Hmmm... just wanted to say that for my brother's last two birthdays we went to Mariners games. Great idea [Smile]
 
Posted by LadyDove (Member # 3000) on :
 
You are very sweet to get the other birthday boys a package.

If the Nov B'day boy is mature enough, then I'd make him part of the conspiracy. I'd buy him one of those disposable cameras and put him in charge of taking pictures of the boards as the other kids' names flash. As long as he feels important to the process, I doubt he'll feel left out.

[ April 13, 2004, 10:30 PM: Message edited by: LadyDove ]
 
Posted by jeniwren (Member # 2002) on :
 
edgar, I'm not worried about my son feeling cheated by not having 100% of the limelight. He's just not that kind of kid. He knows the party is for him. The name on the scoreboard thing is just one part of the birthday celebration.

Myrddin, we try to get to at least a couple of games a year. [Smile] This was a really good excuse to take a bunch of boys and have a great time. These particular boys are so nice to be around that I know we'll have a good time. And we're playing the Rangers, so hopefully we'll win! [Smile]

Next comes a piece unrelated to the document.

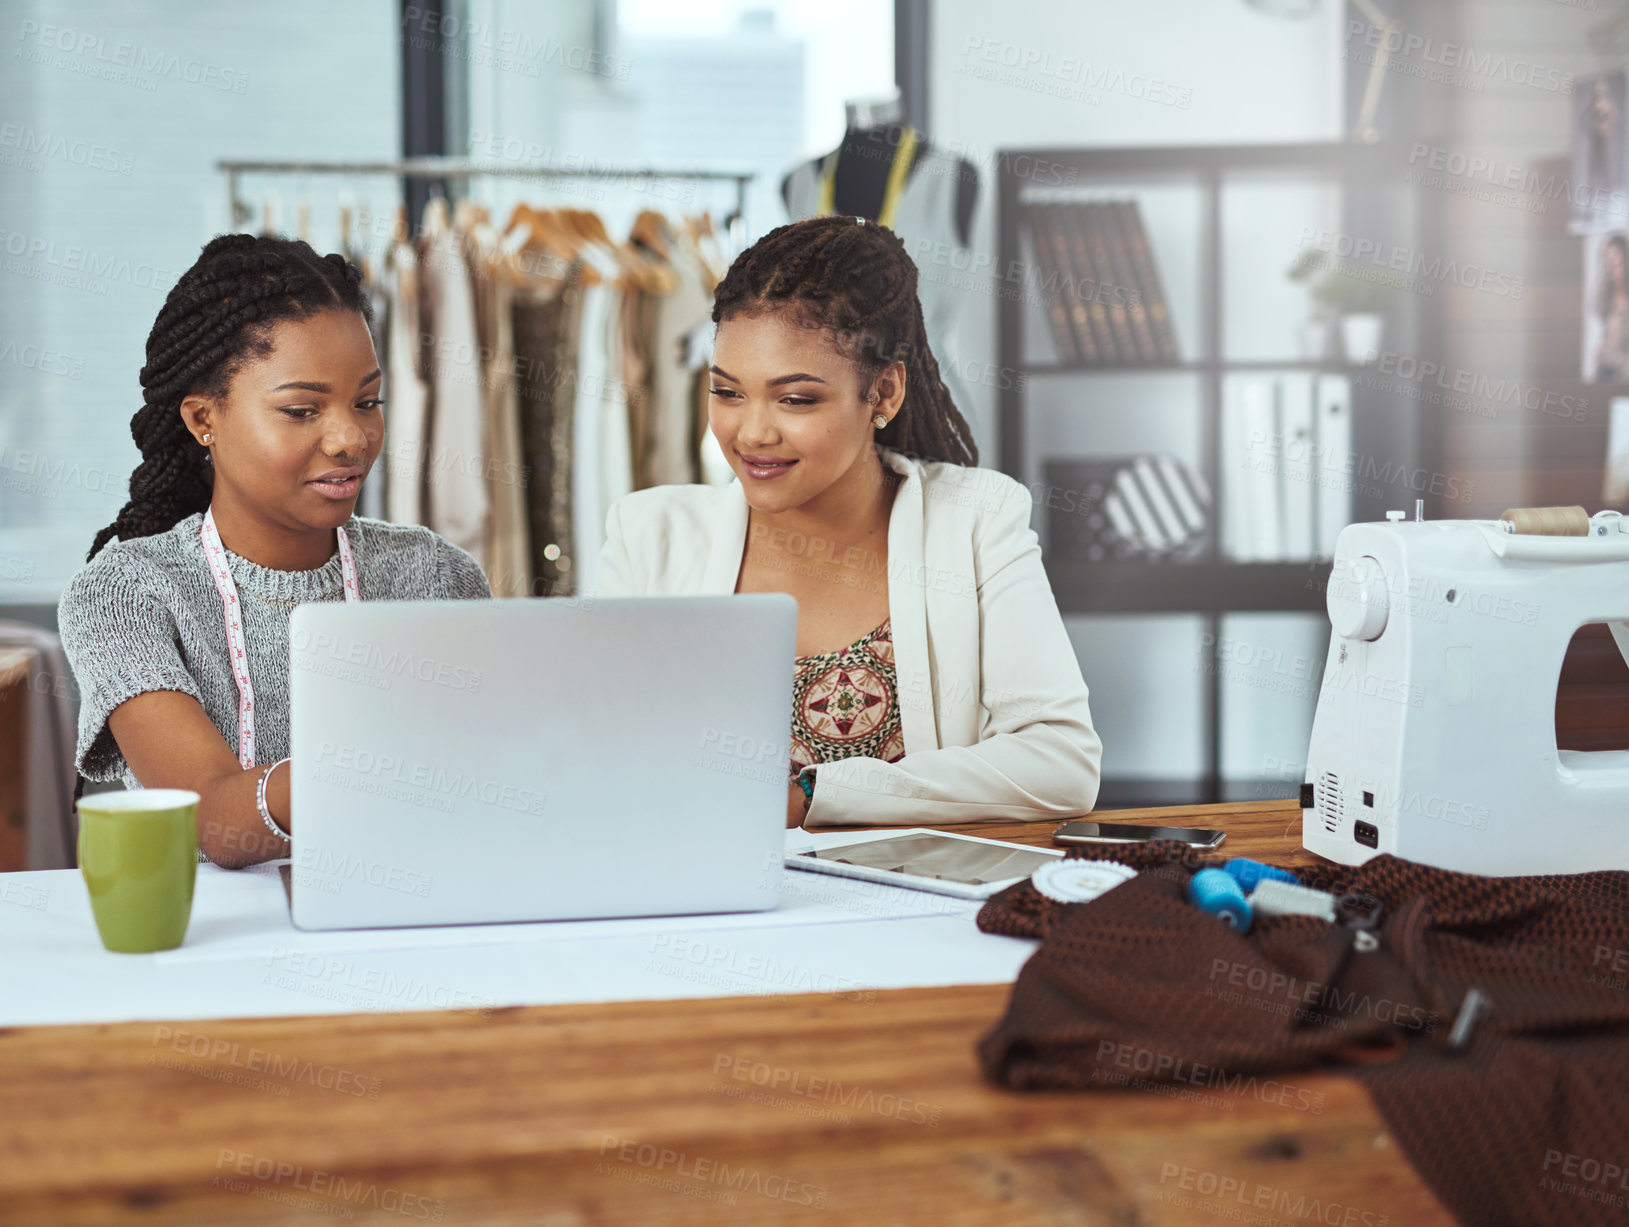 Buy stock photo Cropped shot of two young fashion designers working on a laptop

LadyDove, the November boy is the youngest of the group (he's 8 or 9, I'm not sure which), but I think that's a great idea. He's a kid you just can't fail to like. He was born with severe birth defects, of the type that the babies usually die. Organs outside his body, that sort of thing. I really believe that kids who survive such adversity turn out to be spectacular human beings. He's certainly an example of it, in any case. He's got a great sense of humor and a generous spirit. I don't think he'll have a problem with the other boys birthday congrats, but I'll put him in charge of getting pictures of the boards just in case. And I'll get him a baseball cap too, so all the boys get hats and t's. Thanks so much for the suggestion!
 
Posted by fallow (Member # 6268) on :
 
jeniwren,

I'd put all the boy's names (birthday's peripheral) on there. If they are friends, what will mean the most to them is being at the game together and getting to see their names together. The birthday/spotlight thing is secondary (they know whose birthday they are celebrating and the cool mom that made the day).